Furthermore, it is important to note that in England and Wales, where abortion is widely available, very few terminations are carried out in order to save the mother’s life. Simply put, these instances are extraordinarily rare. In 2016, just 6 out of 190,000+ abortions conducted in England and Wales were done as emergencies to save the life of the woman. This tells us something critical: the vast majority of terminations are performed as a result of “unwanted pregnancy,” and it follows that this will soon be the case in Ireland. WIthout the Eighth Amendment, the unborn have absolutely zero constitutional protection and will lose their lives en masse as a result.
“Evidence has shown that pro-life laws do help,” Dr. Calum Miller, a medical doctor and research fellow in abortion ethics at the University of Oxford, told Faithwire. “It is not the case that if abortion access is limited, women will just have unsafe abortions. The evidence shows clearly that the number of abortions is decreased when abortion is not normalized and when access to it is limited.”
Despite these clear-cut facts and figures, the “why” question was largely ignored in the lead up to Friday’s vote. Instead, horrific (and extremely rare) cases of rape and fetal abnormality dominated the public discourse and allowed the pro-abortion campaigners to insinuate that anyone voting “No” was hell-bent on forcing raped women to carry their attacker’s baby.
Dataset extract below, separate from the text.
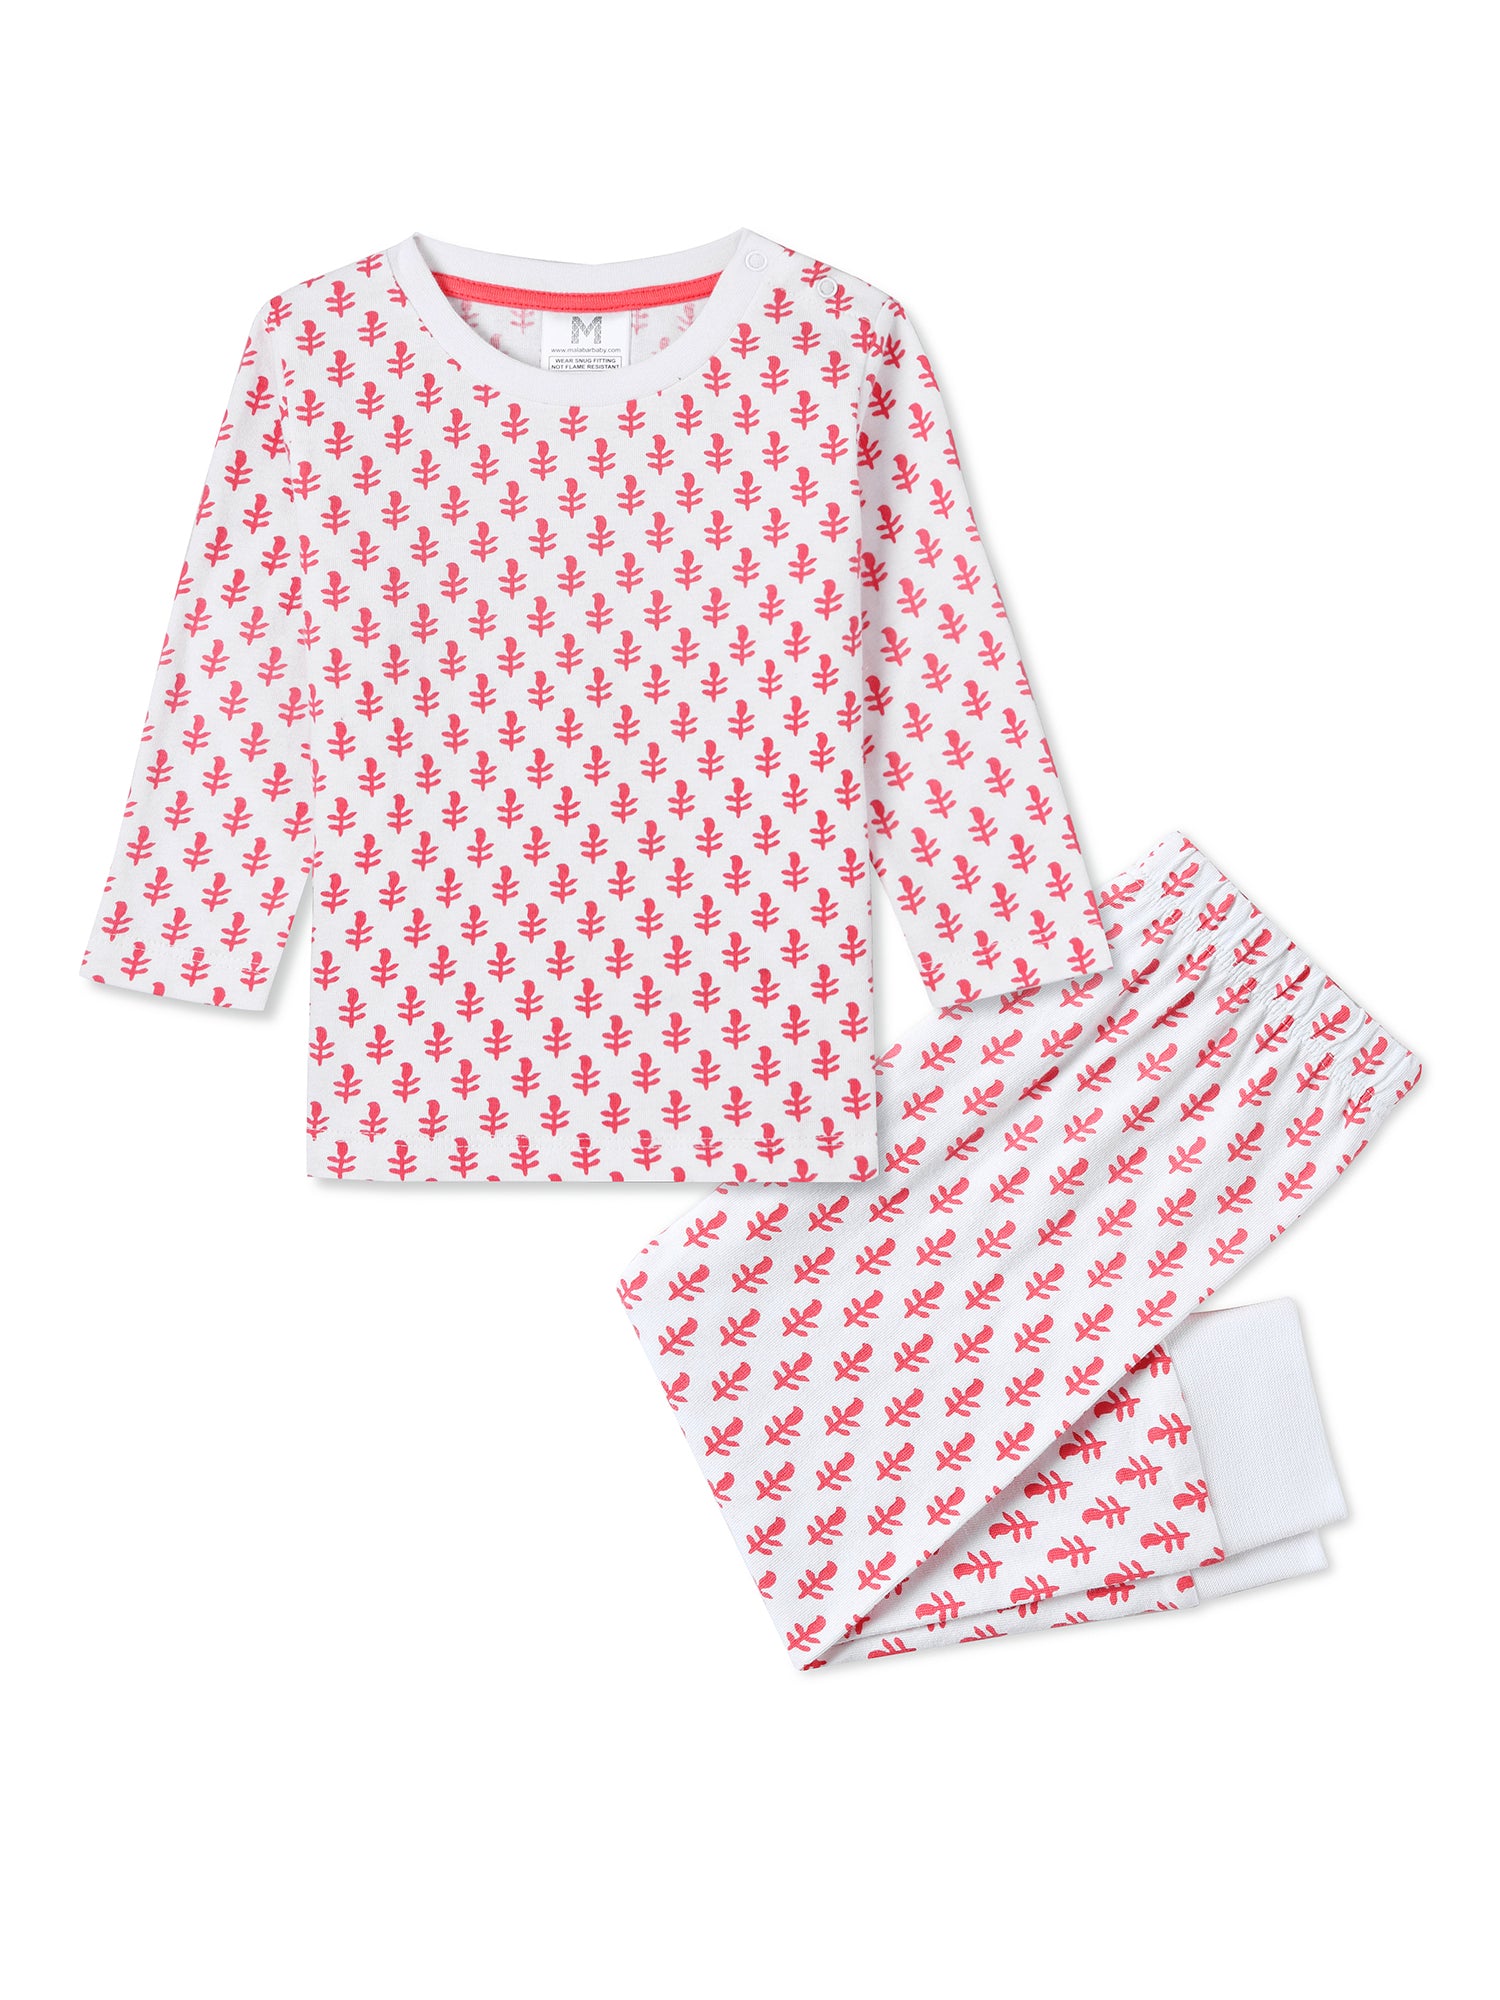 Toddler & Big Kid Cotton Knit PJ Set (Pink City)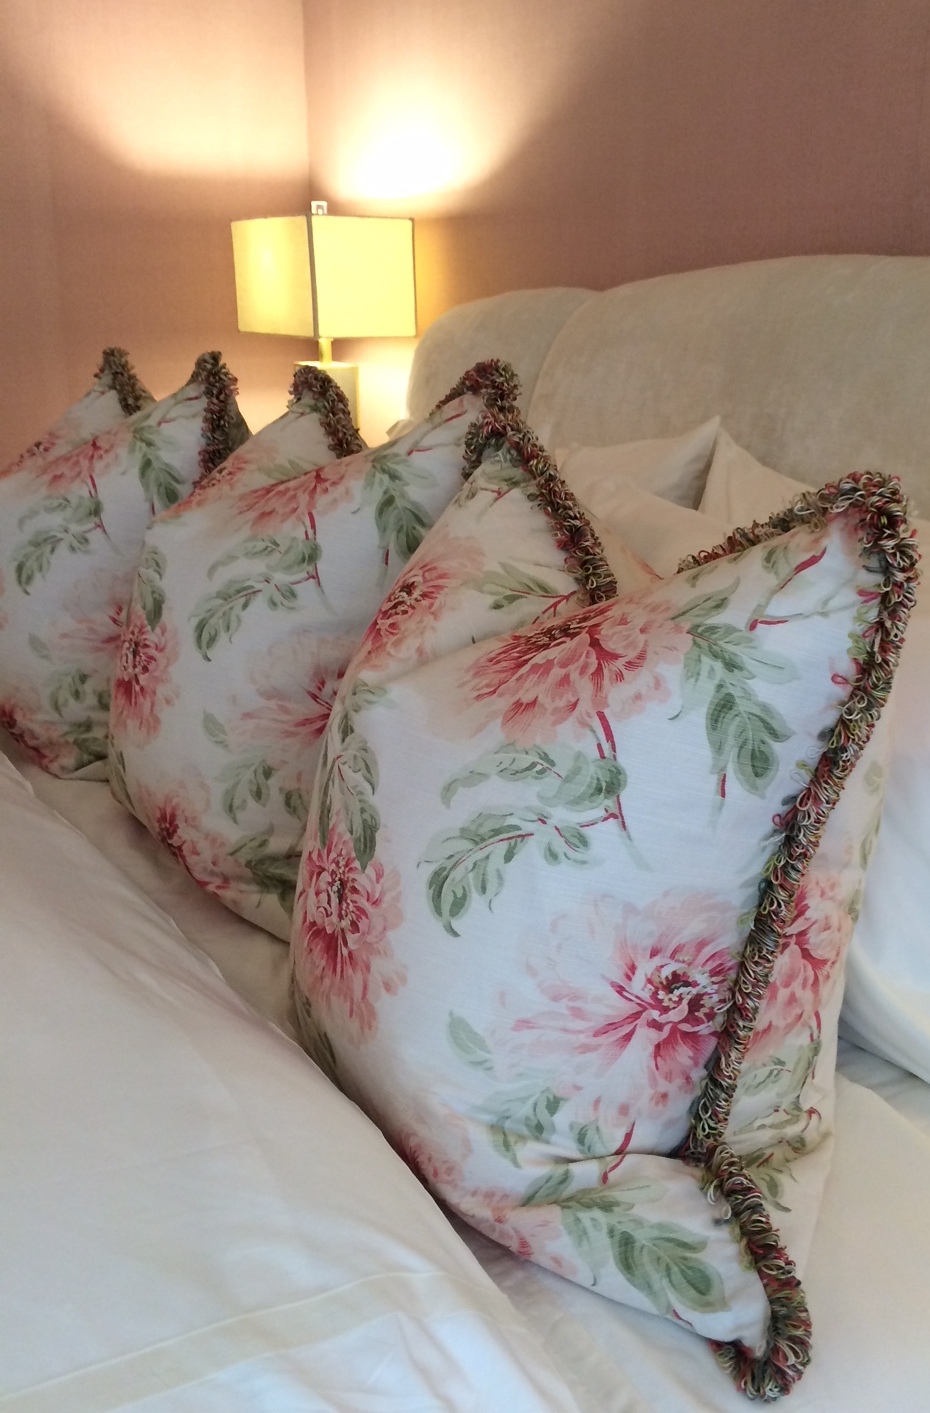 Colorado Mountain Estate Interior pillows on bed

This was grossly unfair on those who were seeking after a balanced discussion on the key issues surrounding the referendum.
The “Yes” campaign spat out abrupt questions at pro-lifers and enjoyed watching them squirm and fumble. All the while, they fully understood that such tough questions over incredibly rare circumstances demanded a multi-faceted, compassion-led and distinctly nuanced response that could not be adequately portrayed in a 20 second window on live TV. They were, in many instances, misleading and manipulating viewers.
But the militant pro-abortion train would not be slowed, and campaigners continued to push for an extreme overhaul of Ireland’s abortion laws under the guise that the country’s “archaic” pro-life legal provisions were denying women their fundamental freedoms. Crucially, the most common “why” behind the desire to snatch away an innocent life went unanswered.
“It hasn’t been part of the narrative. It is shut down instantaneously,” O Hanlon told Faithwire. “The hallmark of this debate is that it hasn’t been a debate about real issues. It has been a debate on what the referendum should have been addressing. I would have had no problem discussing rape and life-limiting conditions all day if they were the only conditions we were voting in abortion for. But they weren’t.”
“I do know that from knocking on doors, the vast majority of people do not want abortion on demand.”
Tragically, as a result of Friday’s referendum, that is exactly what Ireland is going to get.